[[ Input data open ]]

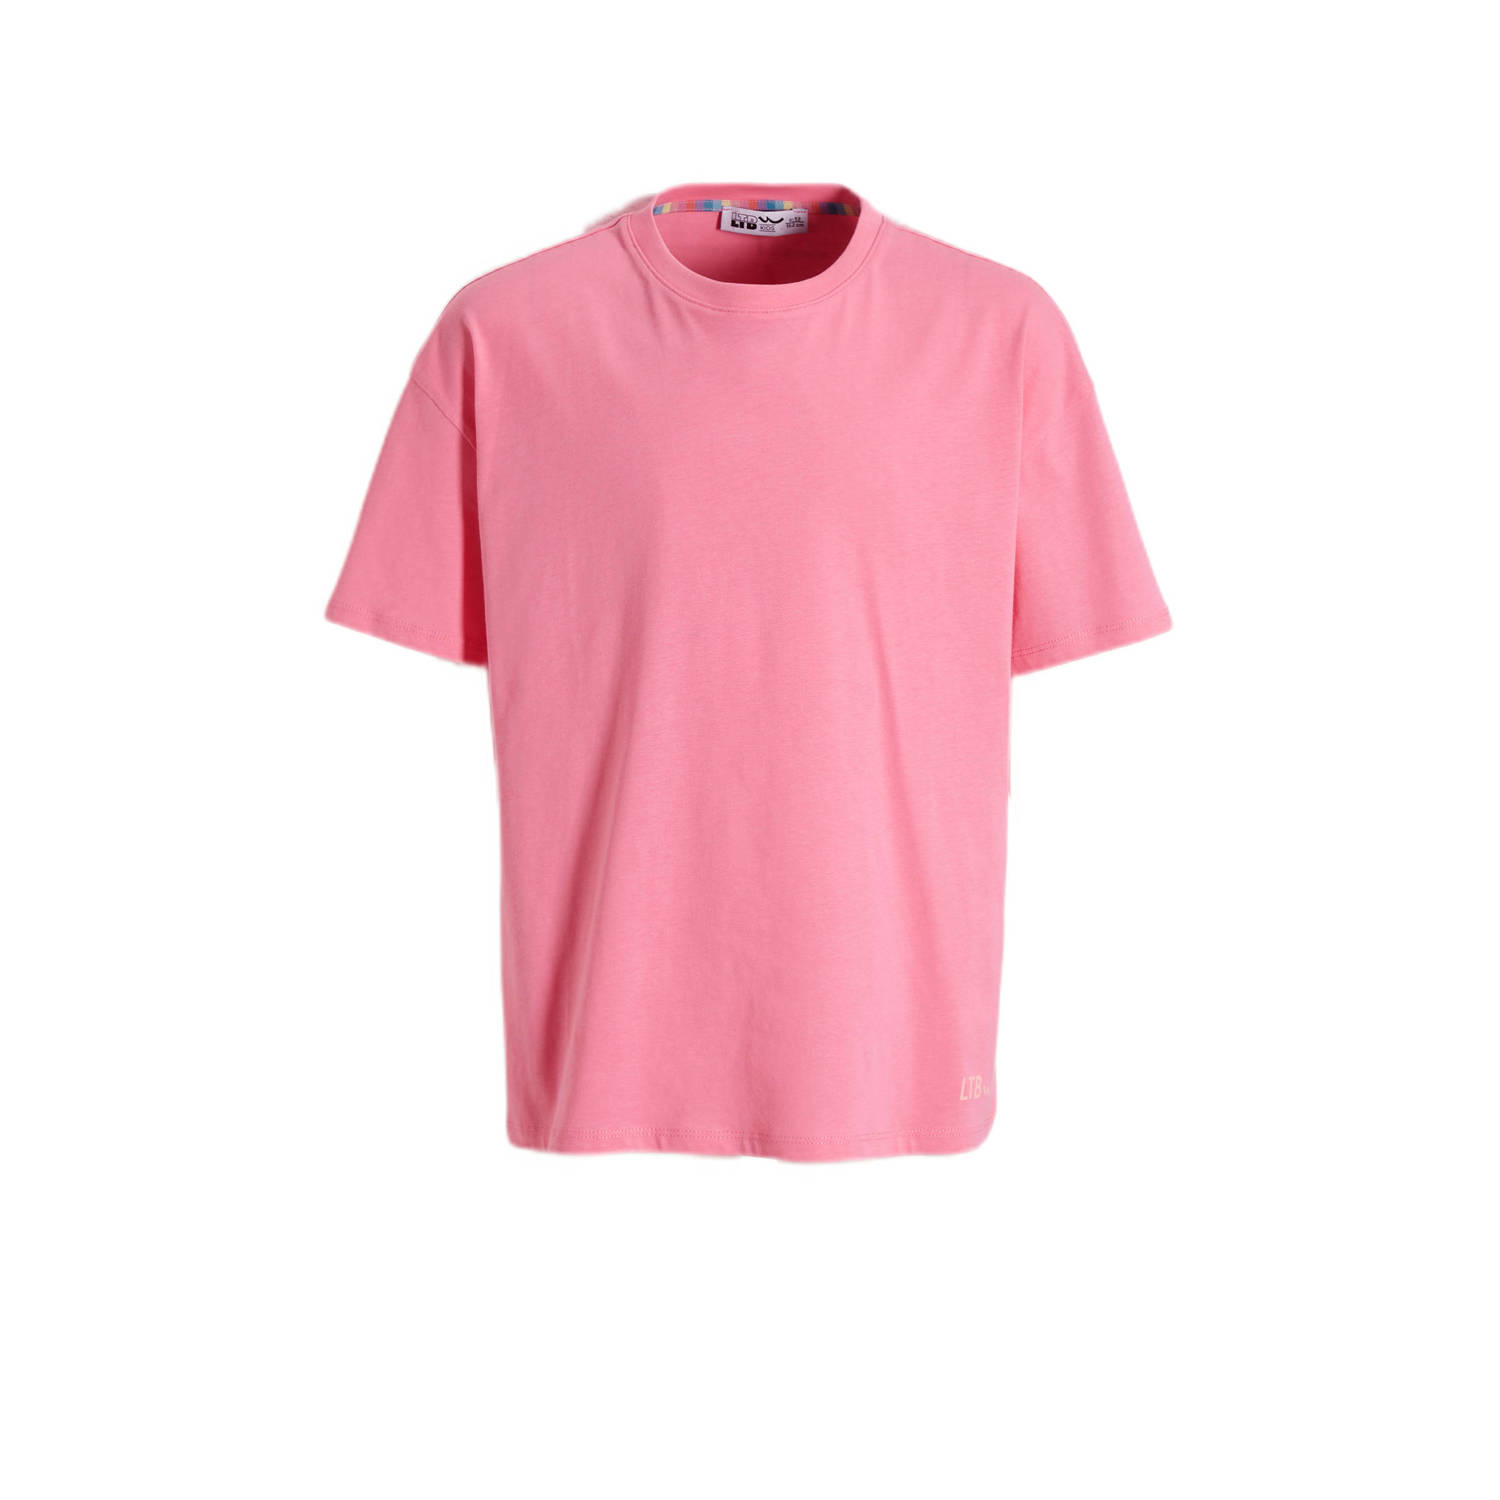 LTB T-shirt KOKAHA met backprint roze
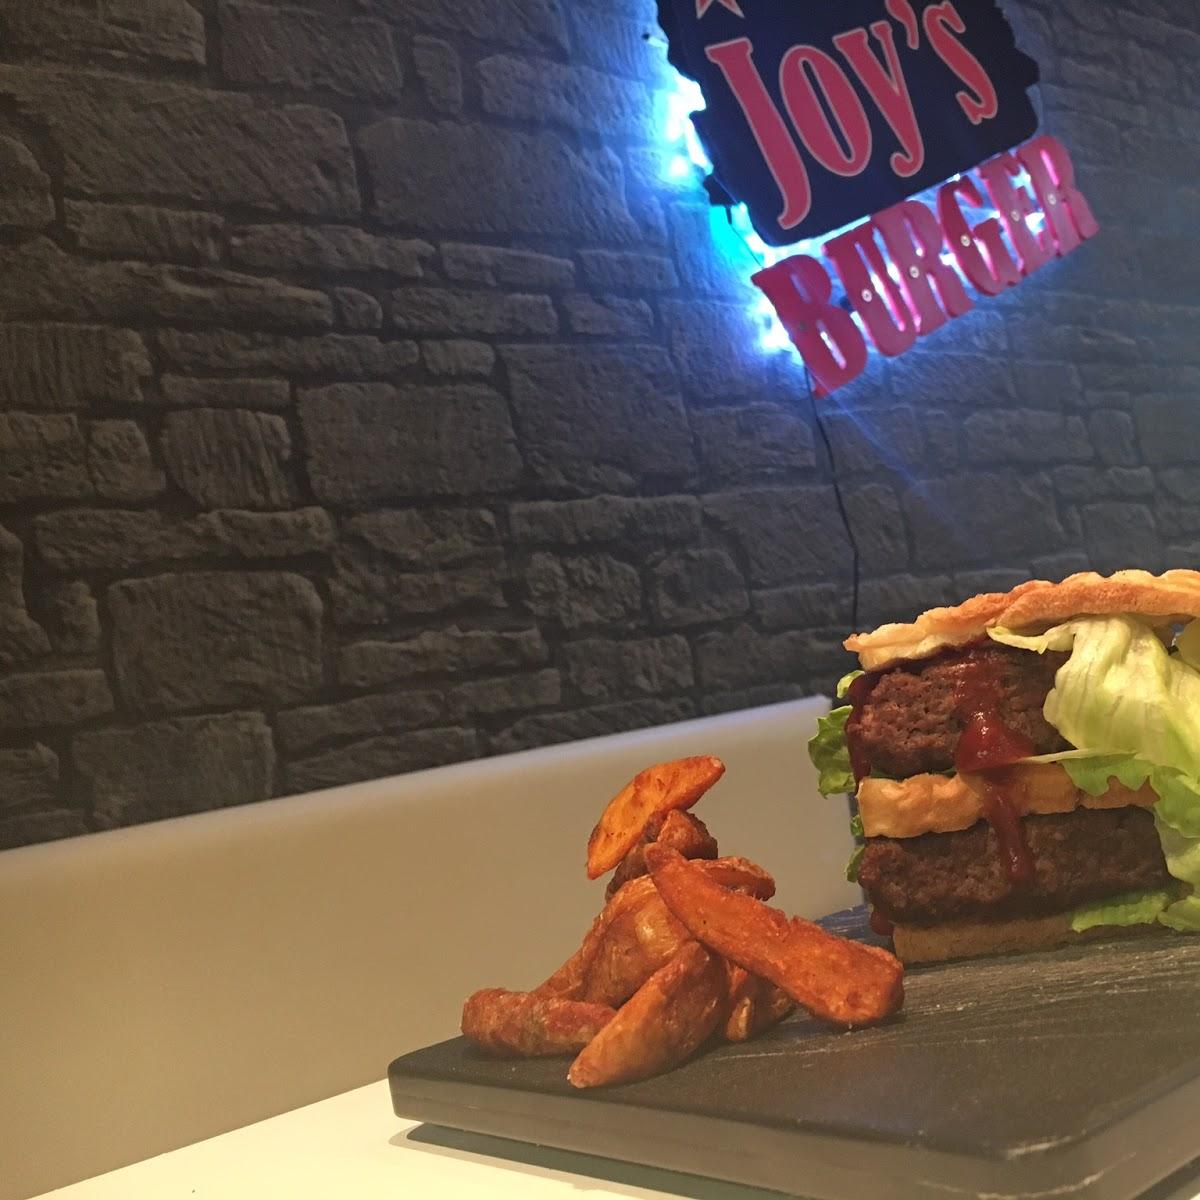 Restaurant "Joy’s Burger" in Wuppertal
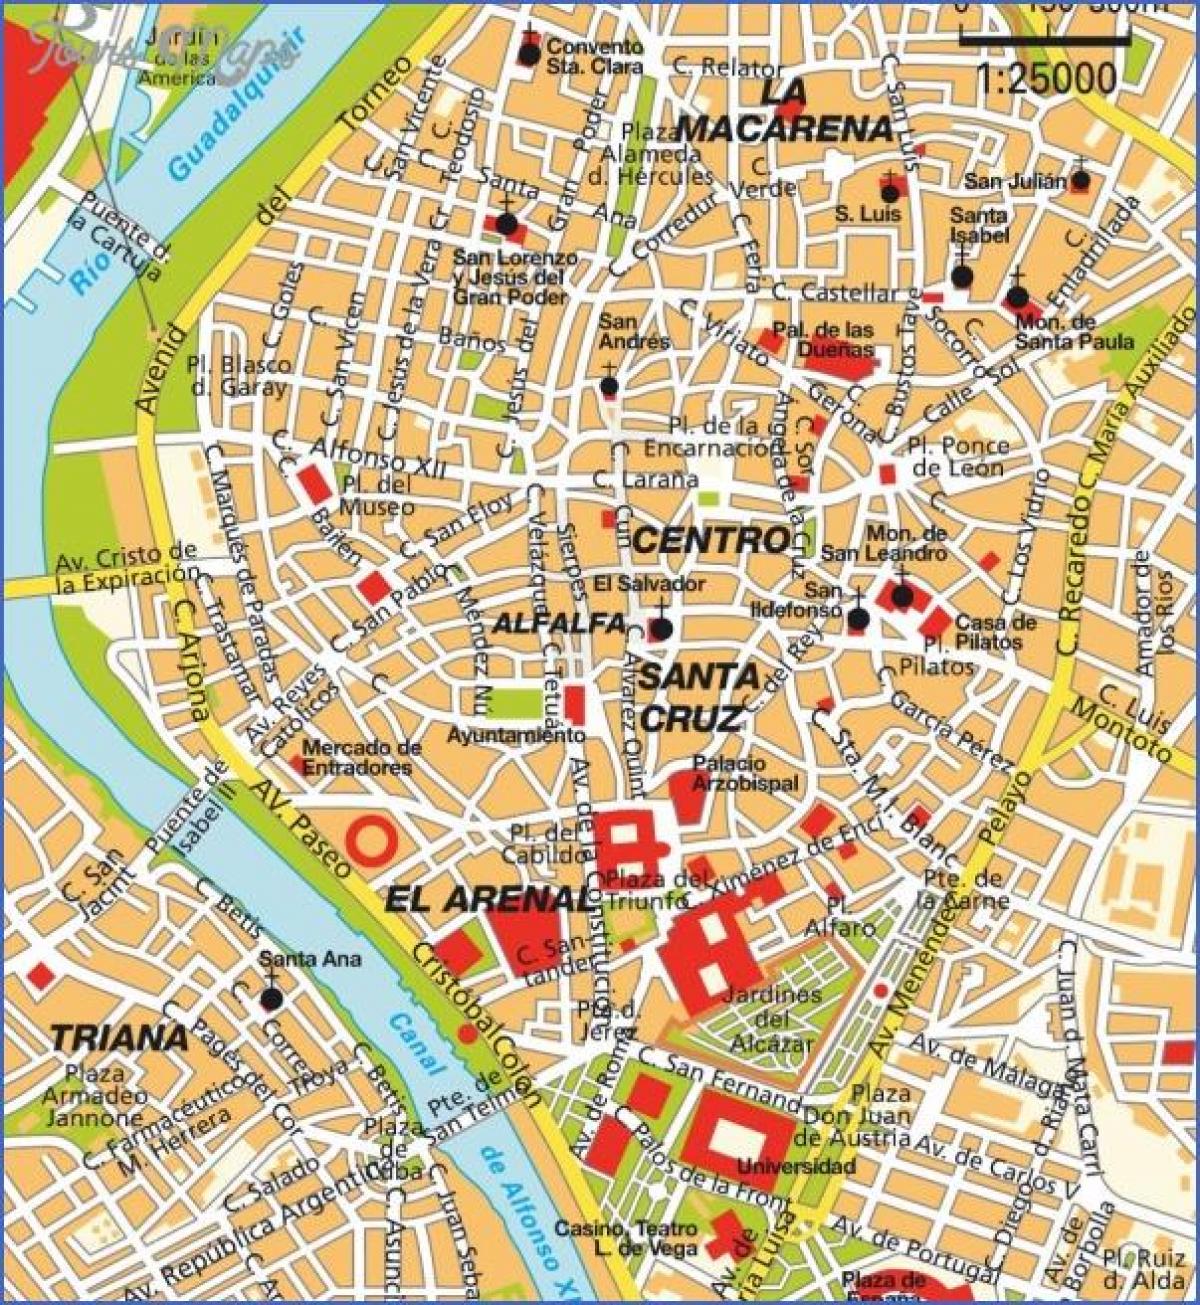 Sevilla toerisme-aantreklikhede kaart

[[ Input data closed ]]

■ Exercise requirements: Transcribe all of the material exactly, leaving out whatever pictures it contains.

■ Task solution:
 LTB T-shirt KOKAHA met backprint roze
 Restaurant "Joy’s Burger" in Wuppertal
 Sevilla toerisme-aantreklikhede kaart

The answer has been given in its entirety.